PageRank Algorithm in the Cloud using the Google App Engine
by Kristian Kraljic, January 14, 2012
Two articles a day, this is madness! Madness? This is /Sparta+/. But enough with the old age jokes, pimped up with a little pseudo nerd regex skill to make it even unfunnier!… Sorry for that, let’s get serious!
Have you ever read the famous paper The Anatomy of a Search Engine of the two godfathers Sergey Brin and Lawrence (Larry) Page themselves? Not? Than you may should do so. Having the chance to study at the Stanford University must be heaven on earth. Anyways, today I’d like to give you a quick introduction to the PageRank algorithm. In my opinion another great example of a beautiful computer algorithm.
The PageRank algorithm, named after Larry Page is a link analysis algorithm that is used by Google. It assigns a numerical weighting to each element of a hyperlinked set of documents, such as a bunch of web pages. The PageRank is intended to measure the relative importance of each page.
To implement the PageRank algorithm a good apporach is to use MapReduce. MapReduce is both, a framework on the one hand side and a method of computing highly distributable problems across huge datasets using a large number of nodes.

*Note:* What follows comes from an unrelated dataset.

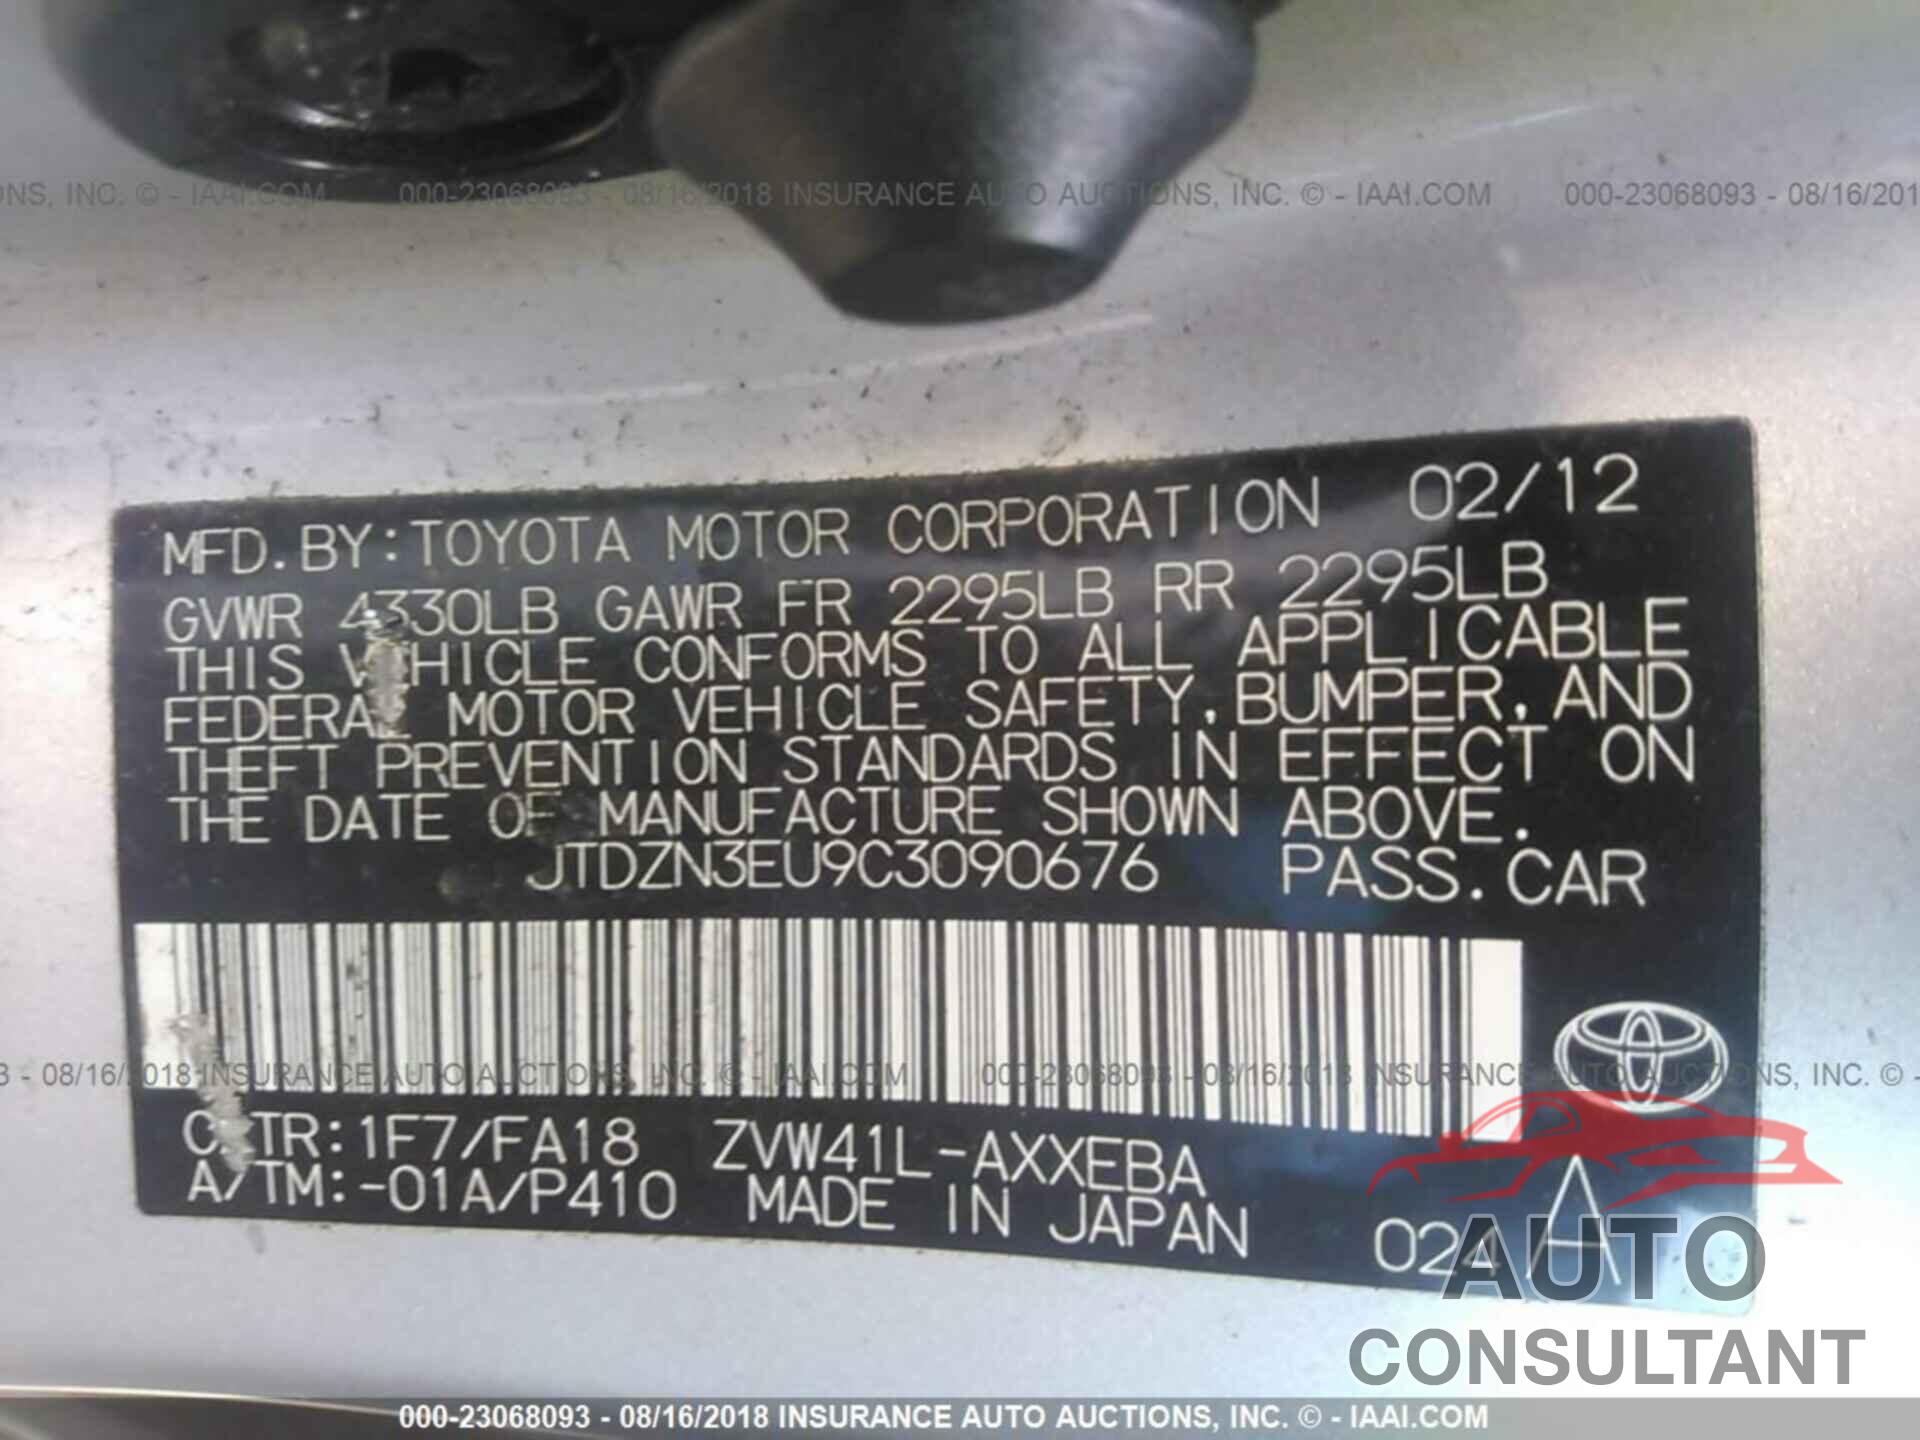 Toyota Prius v 2012 - JTDZN3EU9C3090676

For my implementation of the PageRank algorithm I used Phython. I did not use any MapReduce framework, to make the code as easy as possible to understand. I deployed the results to the Google App Engine, threfore it should be very easy to access:
It crawls a certain resource, calculates the PageRank based on the crawled data using MapReduce and prints the result. The source is freely available, so feel free to check it out. Hopefully it will help you to understand this great piece of computer science.